Chen Lili (陈笠笠; December 23, 1981) is a Chinese singer.

==Biography==
At the age of 8, Chen studied music under Li Li (李莉) at Xiaodujuan Art Troupe (小杜鹃艺术团). She was educated in Hubei Art Vocational College from 1996 to 1999, her teacher was Xiao Shuyun (肖淑云) and Yu Hui (余辉).
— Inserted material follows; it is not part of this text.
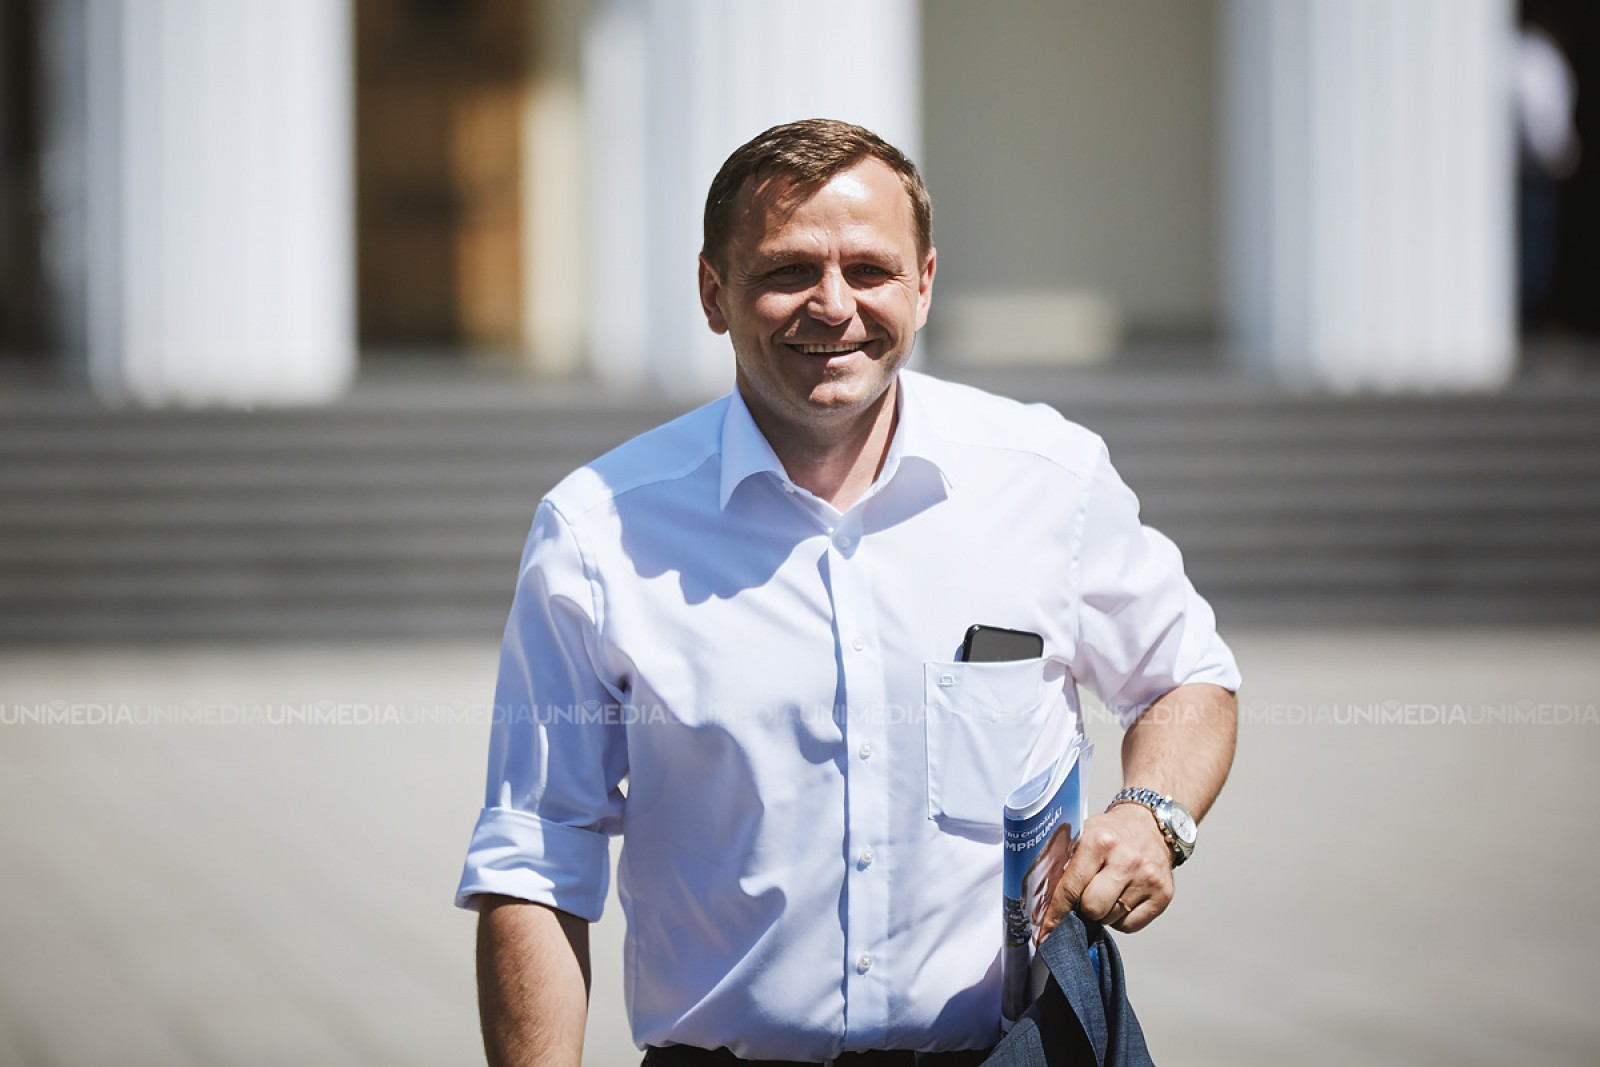 Apelul lui Andrei Năstase: Haideți la vot! Se pregătește marea fraudă și marea dezinformare!
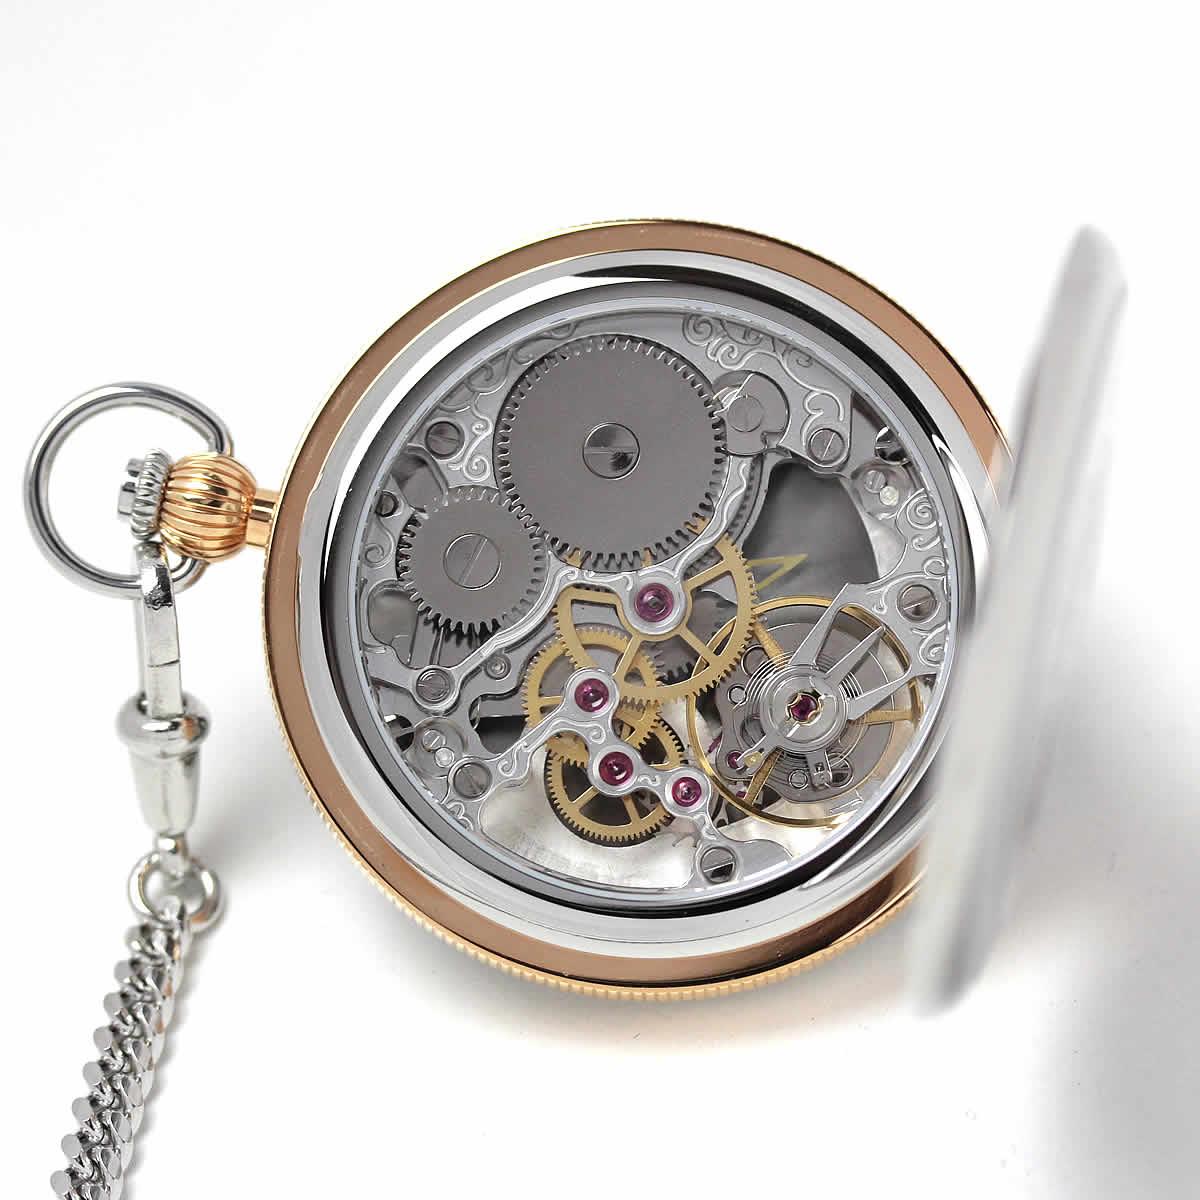 TISSOT 懐中時計 手巻き式

From 1999 to 2004, she was educated in China Conservatory of Music, her teacher was Jin Tielin.

In 2004, Chen worked in Beijing Song and Dance Troupe, she joined the Chinese People's Liberation Army Naval Song and Dance Troupe in 2007.

==Discography==
- Ode To Red Flag (红旗颂)
- Bless You (祝福你)
- Chinese Seal (中国印)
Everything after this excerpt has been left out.